_DATA SEGMENT:_
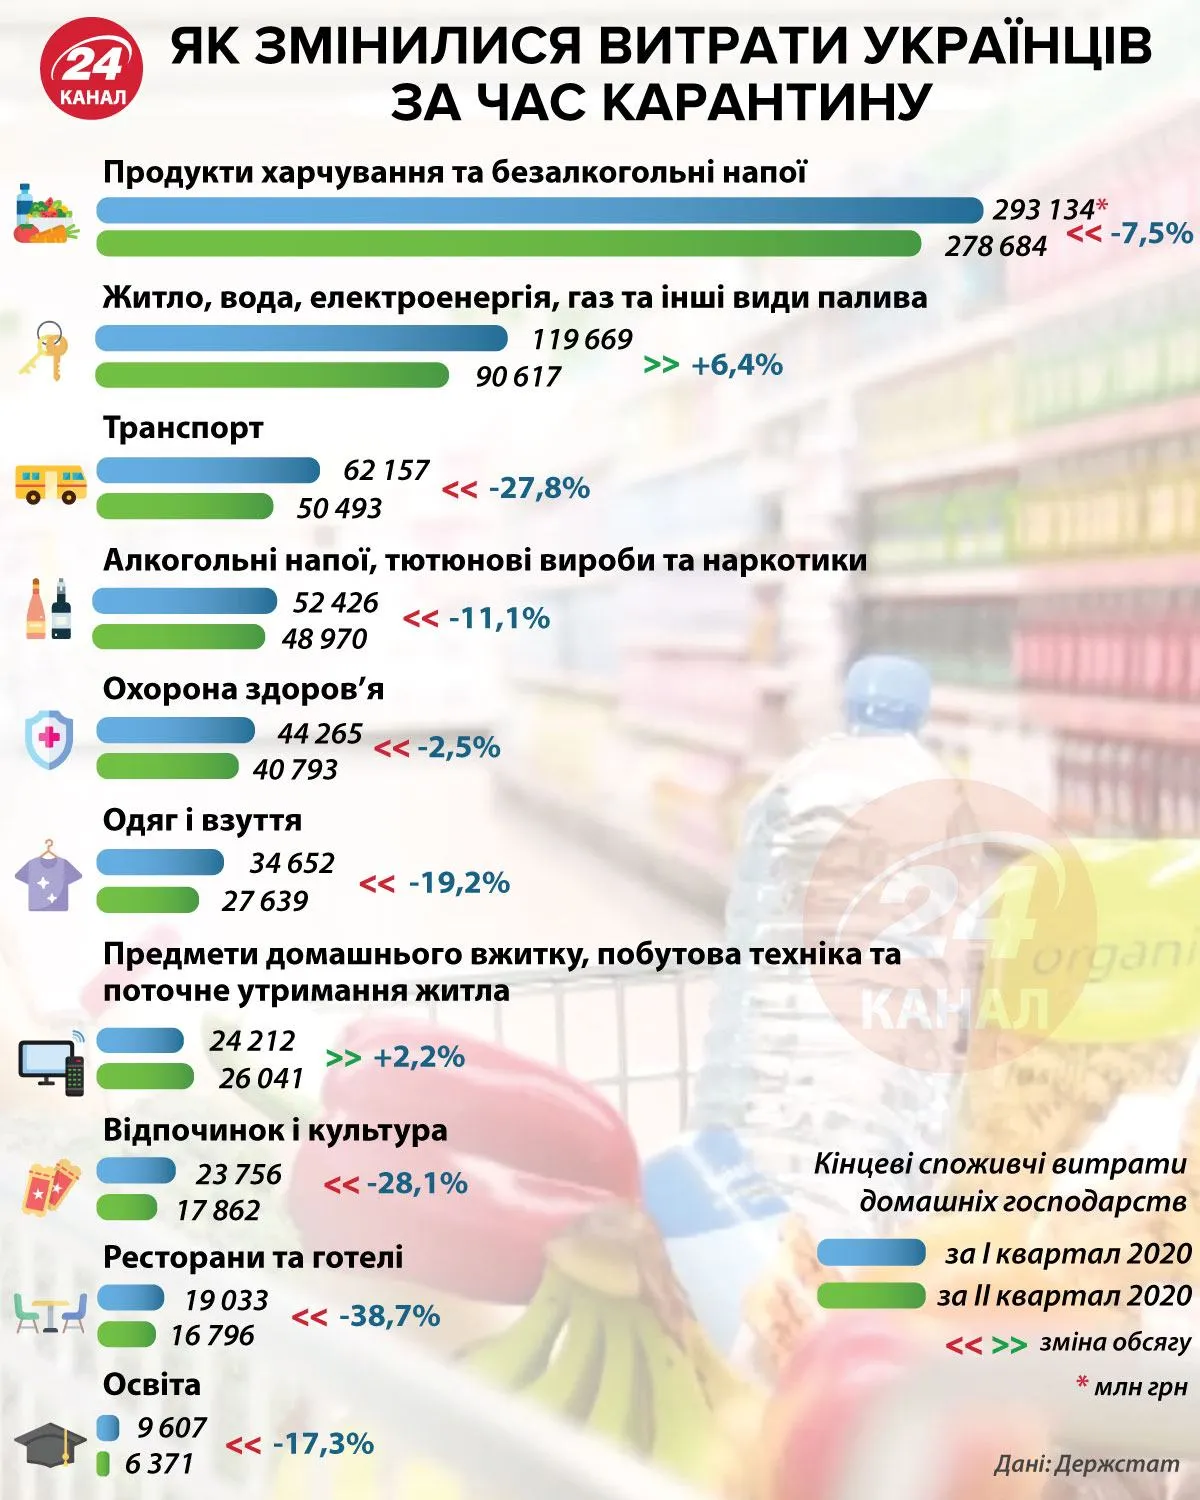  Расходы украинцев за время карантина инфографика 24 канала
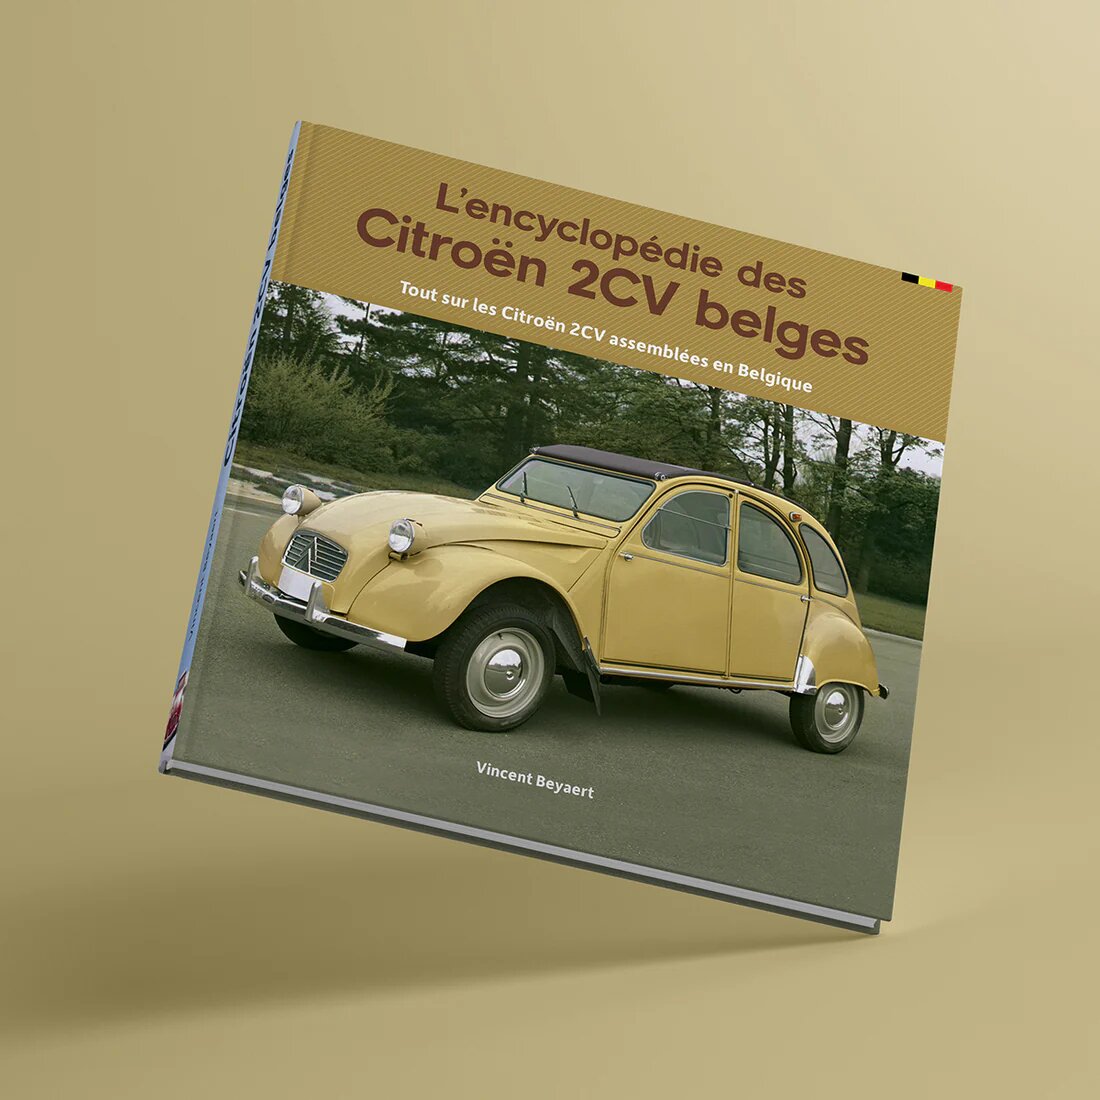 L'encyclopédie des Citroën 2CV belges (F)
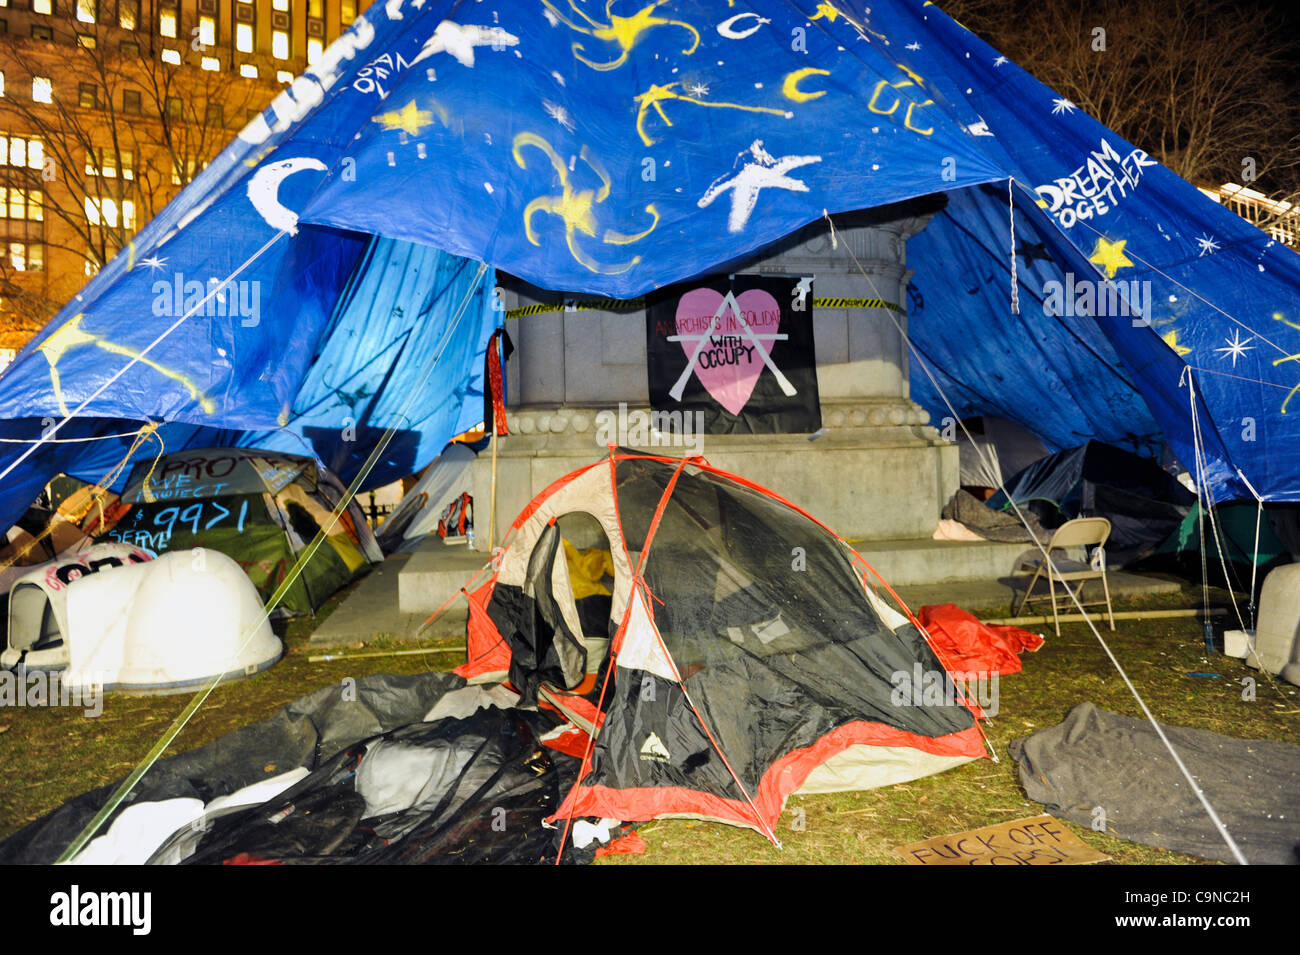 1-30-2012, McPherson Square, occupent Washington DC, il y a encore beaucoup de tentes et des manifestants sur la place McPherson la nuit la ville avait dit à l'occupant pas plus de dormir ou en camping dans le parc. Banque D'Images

_INSTRUCTIONS FOR THE TASK:_ Reproduce the material exactly; omit the pictures.

_YOUR SOLUTION:_
  Расходы украинцев за время карантина инфографика 24 канала
 L'encyclopédie des Citroën 2CV belges (F)
 1-30-2012, McPherson Square, occupent Washington DC, il y a encore beaucoup de tentes et des manifestants sur la place McPherson la nuit la ville avait dit à l'occupant pas plus de dormir ou en camping dans le parc. Banque D'Images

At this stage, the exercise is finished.